Элай устроил ей мастерскую на втором этаже дома, а потом перенес сюда и собственный рабочий стол. Ему нравилось наблюдать, как жена творит: подбирает цвета, смешивает палитру, вдохновенно водит кисточкой по холсту… Впрочем, ему нравилось смотреть на нее всегда — и неважно, чем она занималась.
На холсте пестрело яркое смешение красок, среди которых выделялось синее пятно — чешуя Тау, и огненно-красный всполох — макушка сына. Вив назвала его в честь отца, которого не успела узнать, — Альрик, а Элай выторговал себе право придумать имя следующему ребенку.
Аль играл в саду, и через распахнутые окна до них доносился его заливистый смех, шутливое порыкивание дракона и строгие интонации Камиллы. Бабушка Вив осталась с ними, в Айдане, чему они все были искренне рады. Сюда же потянулась вереница ее родственников, и Вив быстро сдружилась с многочисленными кузенами. Выяснилось, что девочки в их роду — редкость, так что она сразу превратилась в любимицу всей семьи.
Альрик же унаследовал от матери ее обаяние и умение проникать прямо в сердце. А еще ее аркан чешуи. От отца же он взял темные глаза и два других легендарных знака. Чешуя, поначалу мягкая и едва заметная, теперь сияла на его плечах и груди всполохами темного золота. Их сын родился сразу с тремя арканами дракона, и это означало, что он, вероятно, и есть тот великий король из пророчеств, которому суждено объединить весь мир под своими крыльями. Но для Вив важно было прежде всего то, что со своей чешуей Альрик не убьется в ходе активного познания мира. А Элай с облегчением выдохнул, когда понял, что сыну не придется проходить инициацию.
Рони после событий во дворце словно враз повзрослел. Он стал еще строже относиться к себе, с головой погрузившись в работу. У красноперых нашлись глиняные таблички с клинописью, едва не рассыпающиеся в пыль, и Рони корпел над древними сказаниями, пытаясь разобрать легенды млечников. В перерывах он объезжал своего Монти, который почти догнал Дымка по размаху крыльев, и воспитывал Снежинку по мере сил. Та росла дамой своенравной, и устроила страшный скандал, когда ее разлучили с Инеем. Рони предложил выставить его в драконятник, и лекарь, почти потерявший надежду, махнул рукой.
Так что теперь Иней лежал в загоне Снежинки, в чугунной ванне, полной отборного драконьего… лекарства, замороженный и недвижный, точно заколдованный принц.

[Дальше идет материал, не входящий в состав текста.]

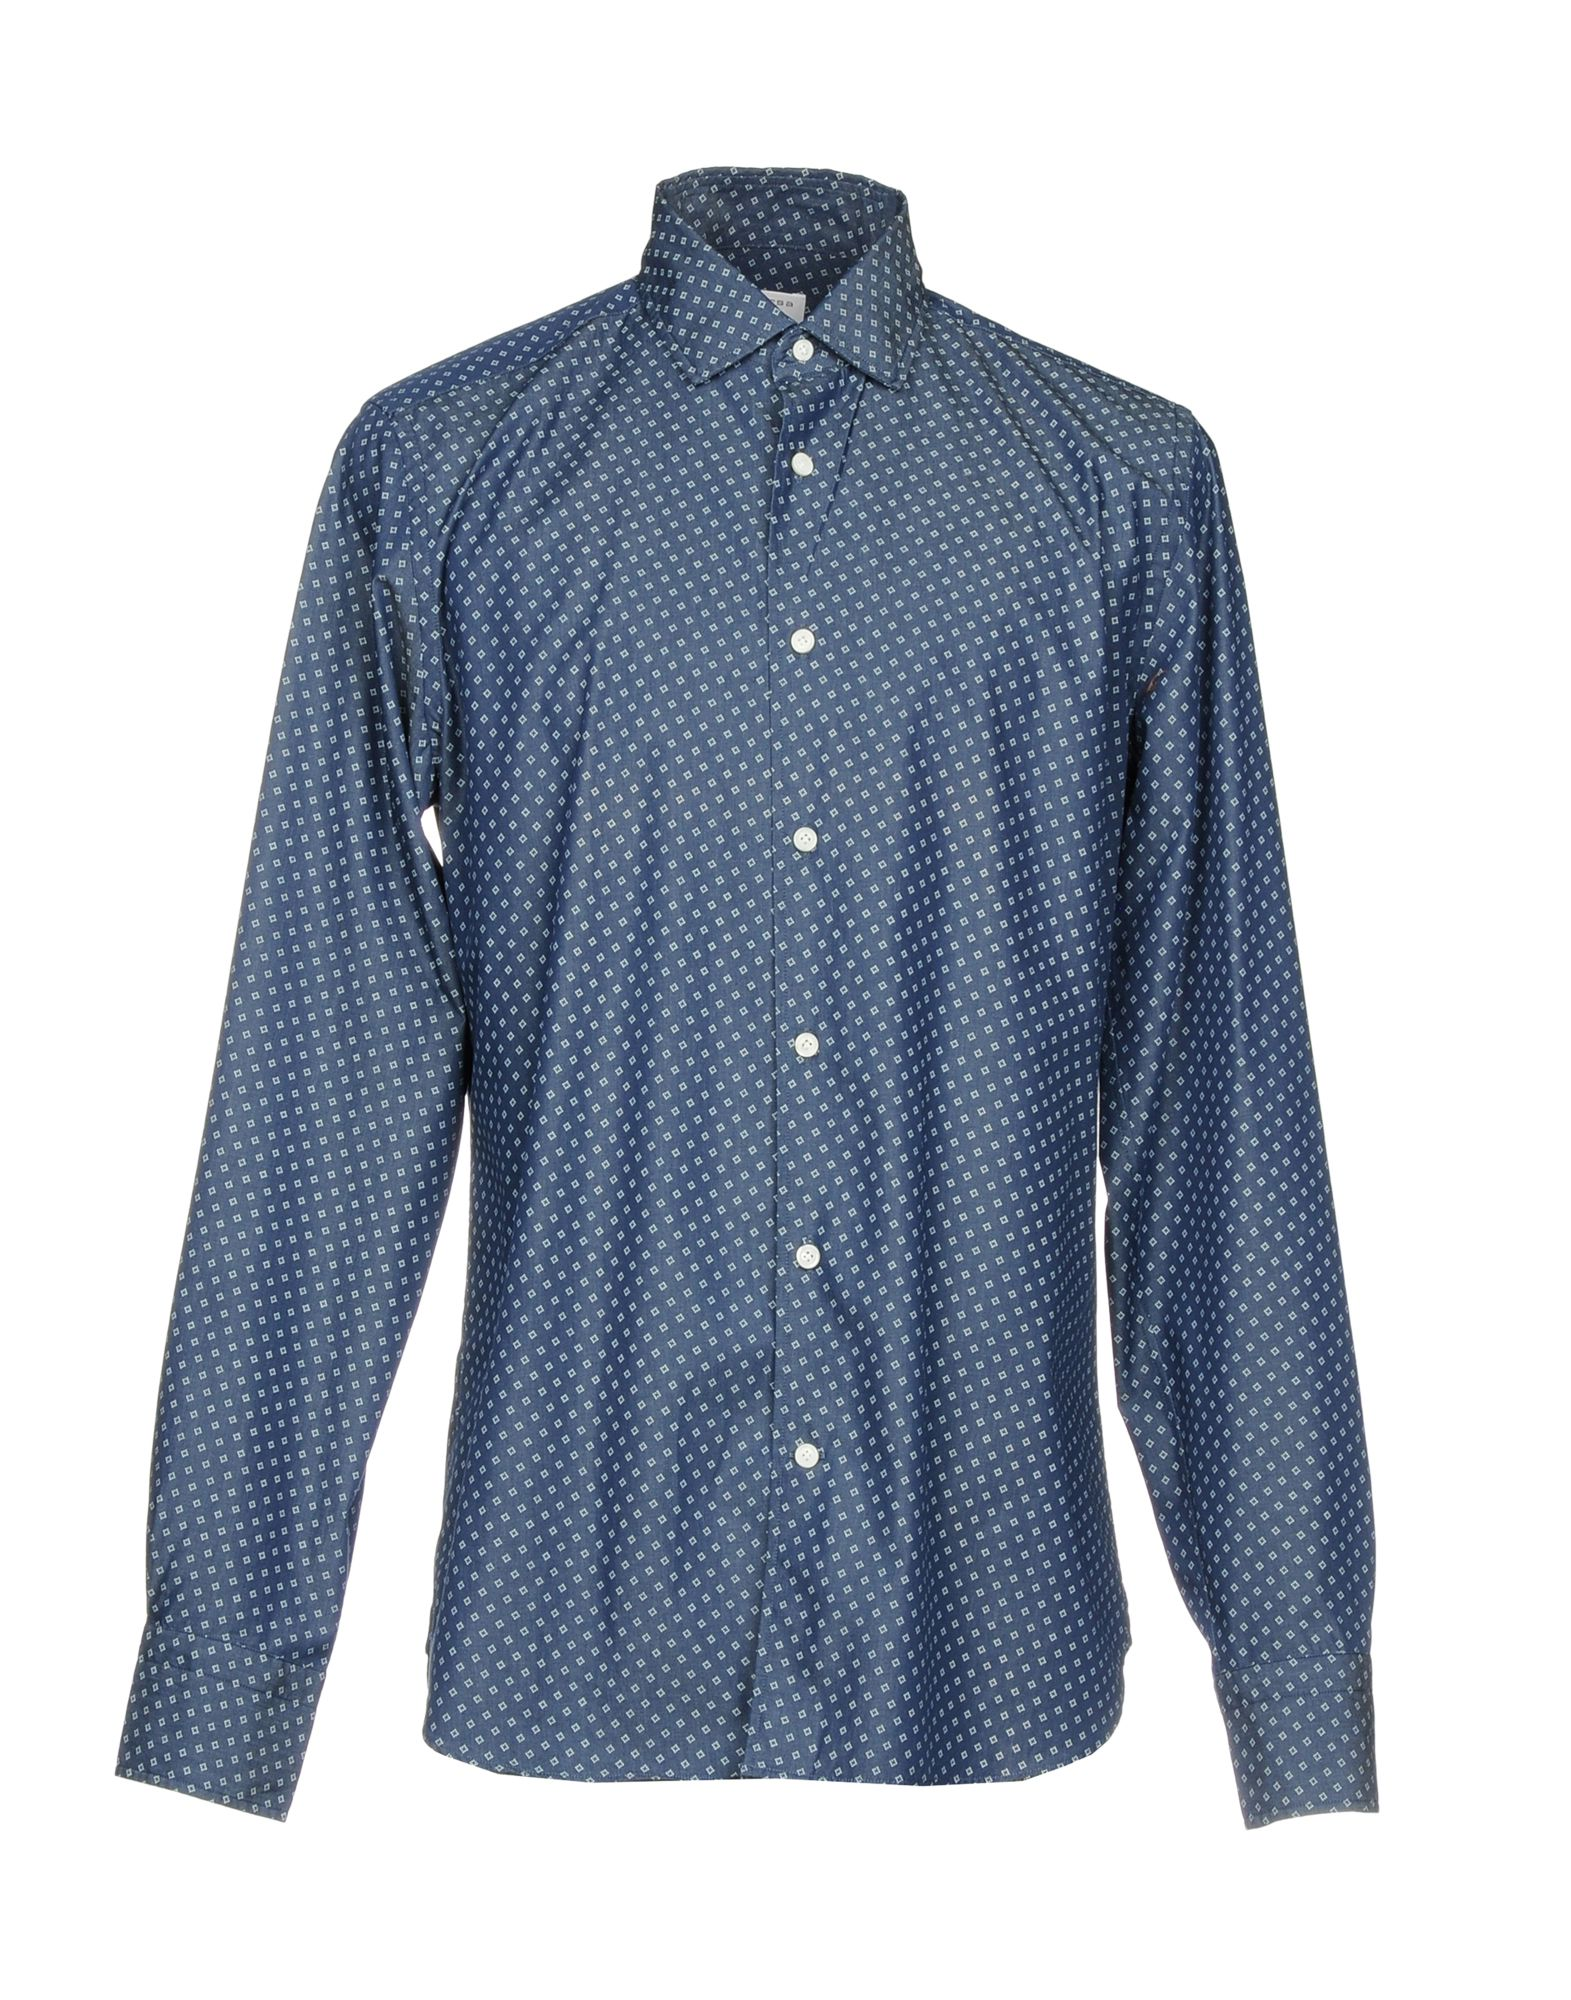 BORSA Джинсовая рубашка рубашка джинсовая 3 12 лет
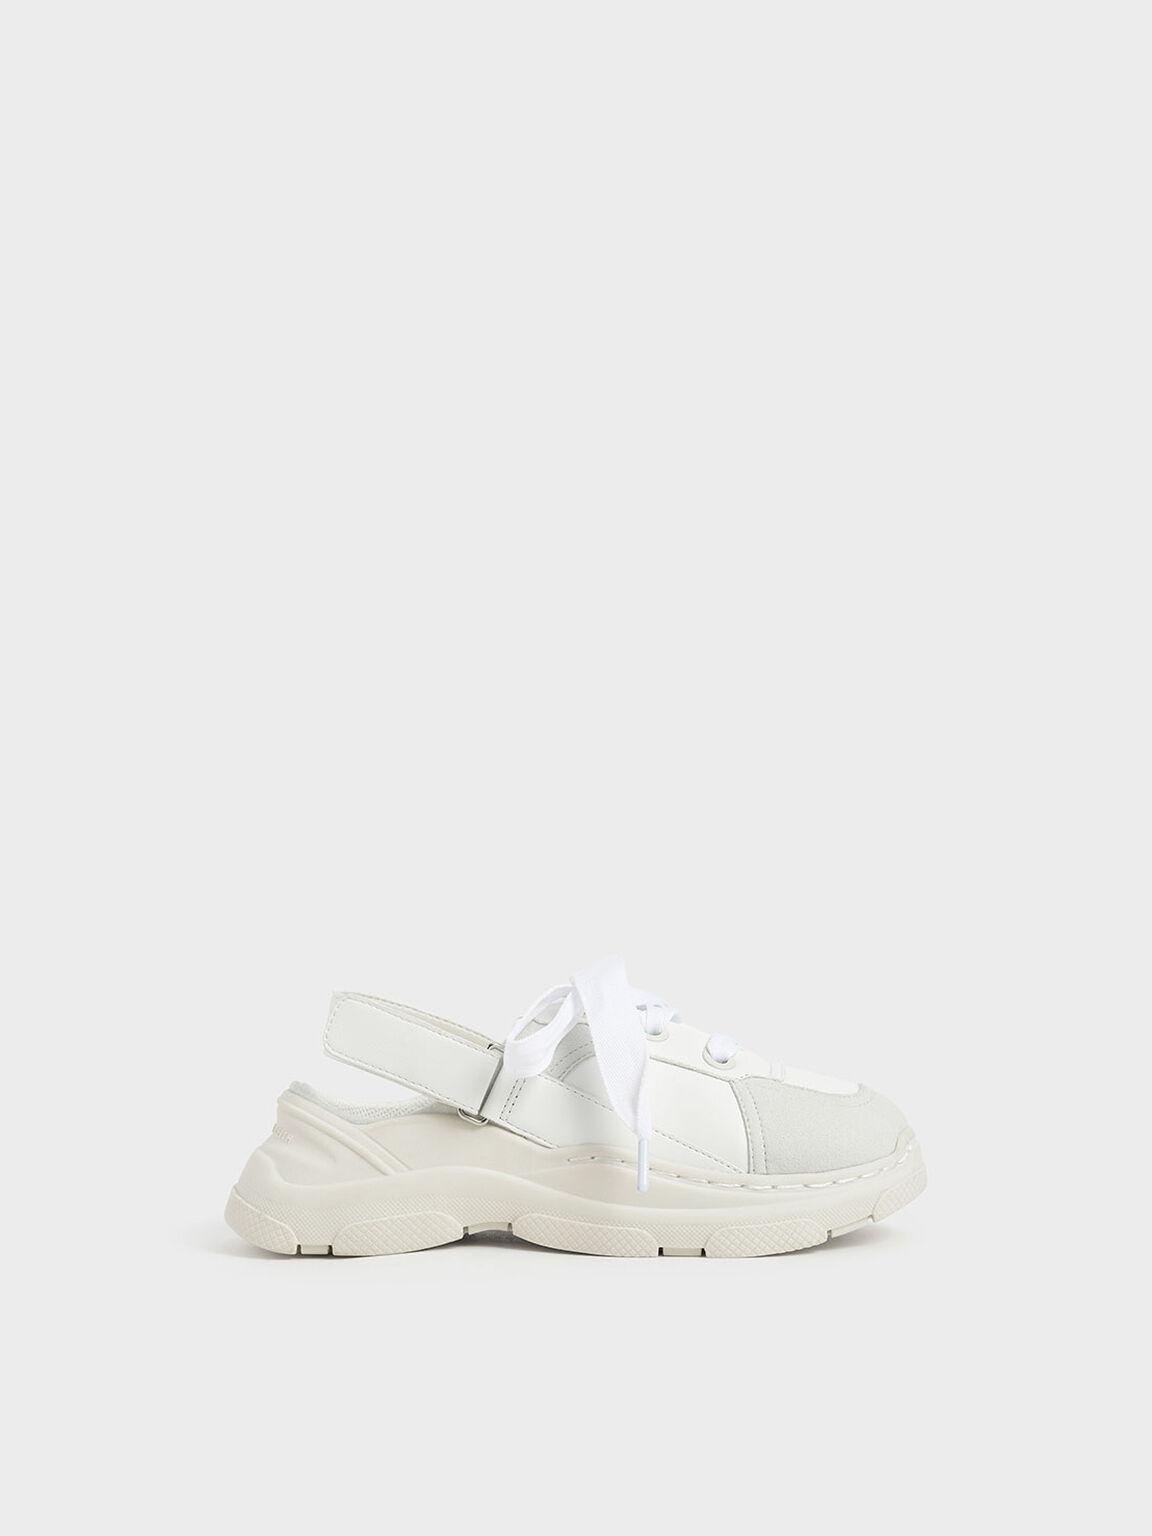 Sepatu Slingback Anak Perempuan, White, hi-res

Рони приходил к нему каждый вечер, читал книги, разговаривал о чем-то и, кажется, даже спорил. Да еще Берта была рядом. Она упросила Элая назначить ее куратором гнезда и осталась в Драхасе, куда прислали новых студентов.
А вот Изольду Элай отправил прямиком во дворец, подарив ей статус главной придворной дамы. Так что теперь госпожа Торсон наводила порядки с королевским размахом и вдалеке от внука. Рони был очень за это благодарен.
Туча Элай сделал капитаном Драхаса, и это назначение стало одним из самых удачных. В характере его друга изначально было что-то отцовское, и он пекся о каждом студенте почти с тем же пылом, что и о дочках-двойняшках, которых родила ему Каталина.
Из сада послышались голоса, Вив тут же соскользнула с колен Элая и бросилась к окну.
— Посыльный из Драхаса, — сообщила она и, перегнувшись через подоконник, спросила: — Что случилось? Да? Правда⁈
И ее голос зазвенел такой радостью, что Элай сразу понял, о чем идет речь.
— Иней очнулся! — воскликнула Вив, обернувшись.
* * *
Дымок домчал нас до крепости за две минуты и опустился прямо посреди драконятника, где уже собрался народ. Держа меня за руку, Элай протиснулся через толпу любопытных студентов, а я невольно вспомнила то время, когда от него шарахались из страха обжечься.
— Король! — выкрикнул кто-то. — Пропустите короля! Кланяйтесь!
— Обойдусь без церемоний, — проворчал Элай.
Иней и правда приходил в себя: морозные узоры на его коже таяли, к щекам возвращался здоровый румянец. Снежинка переступала с лапы на лапу, тихонько порыкивая от волнения, и я успокаивающе погладила ее по белой шее.
А по толпе прокатился вздох — Иней наконец распахнул ресницы.
Он поморгал немного, поднял руку, чтобы потереть глаза и… поморщился, отряхивая пальцы от коричневой субстанции.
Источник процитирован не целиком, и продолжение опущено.